Restate the lines word for word, from the one containing "SKYE Suites Sydney" through the last line of the entries below, without any other lines.

[Opening Data to process section]

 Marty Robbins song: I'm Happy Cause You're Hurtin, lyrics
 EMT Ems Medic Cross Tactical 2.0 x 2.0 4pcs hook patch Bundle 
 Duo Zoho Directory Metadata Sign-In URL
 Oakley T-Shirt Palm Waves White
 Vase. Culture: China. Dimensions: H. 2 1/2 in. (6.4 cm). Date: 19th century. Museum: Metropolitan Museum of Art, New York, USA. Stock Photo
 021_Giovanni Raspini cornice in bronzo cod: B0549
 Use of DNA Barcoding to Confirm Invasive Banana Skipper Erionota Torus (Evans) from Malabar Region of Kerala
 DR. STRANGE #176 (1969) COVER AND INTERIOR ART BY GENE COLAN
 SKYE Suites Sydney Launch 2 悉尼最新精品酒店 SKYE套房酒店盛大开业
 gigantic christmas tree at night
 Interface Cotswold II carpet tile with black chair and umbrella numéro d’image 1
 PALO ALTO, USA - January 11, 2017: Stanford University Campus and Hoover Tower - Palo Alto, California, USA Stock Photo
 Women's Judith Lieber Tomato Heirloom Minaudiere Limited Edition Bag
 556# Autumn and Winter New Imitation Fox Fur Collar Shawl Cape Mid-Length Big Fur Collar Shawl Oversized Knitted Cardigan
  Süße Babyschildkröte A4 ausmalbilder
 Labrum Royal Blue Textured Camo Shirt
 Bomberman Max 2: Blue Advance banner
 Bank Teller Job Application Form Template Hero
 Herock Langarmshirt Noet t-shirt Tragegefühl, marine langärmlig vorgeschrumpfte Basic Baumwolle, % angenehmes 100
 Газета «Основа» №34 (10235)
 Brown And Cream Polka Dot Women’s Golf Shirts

[Closing Data to process section]

**Exercise solution:**
 SKYE Suites Sydney Launch 2 悉尼最新精品酒店 SKYE套房酒店盛大开业
 gigantic christmas tree at night
 Interface Cotswold II carpet tile with black chair and umbrella numéro d’image 1
 PALO ALTO, USA - January 11, 2017: Stanford University Campus and Hoover Tower - Palo Alto, California, USA Stock Photo
 Women's Judith Lieber Tomato Heirloom Minaudiere Limited Edition Bag
 556# Autumn and Winter New Imitation Fox Fur Collar Shawl Cape Mid-Length Big Fur Collar Shawl Oversized Knitted Cardigan
  Süße Babyschildkröte A4 ausmalbilder
 Labrum Royal Blue Textured Camo Shirt
 Bomberman Max 2: Blue Advance banner
 Bank Teller Job Application Form Template Hero
 Herock Langarmshirt Noet t-shirt Tragegefühl, marine langärmlig vorgeschrumpfte Basic Baumwolle, % angenehmes 100
 Газета «Основа» №34 (10235)
 Brown And Cream Polka Dot Women’s Golf Shirts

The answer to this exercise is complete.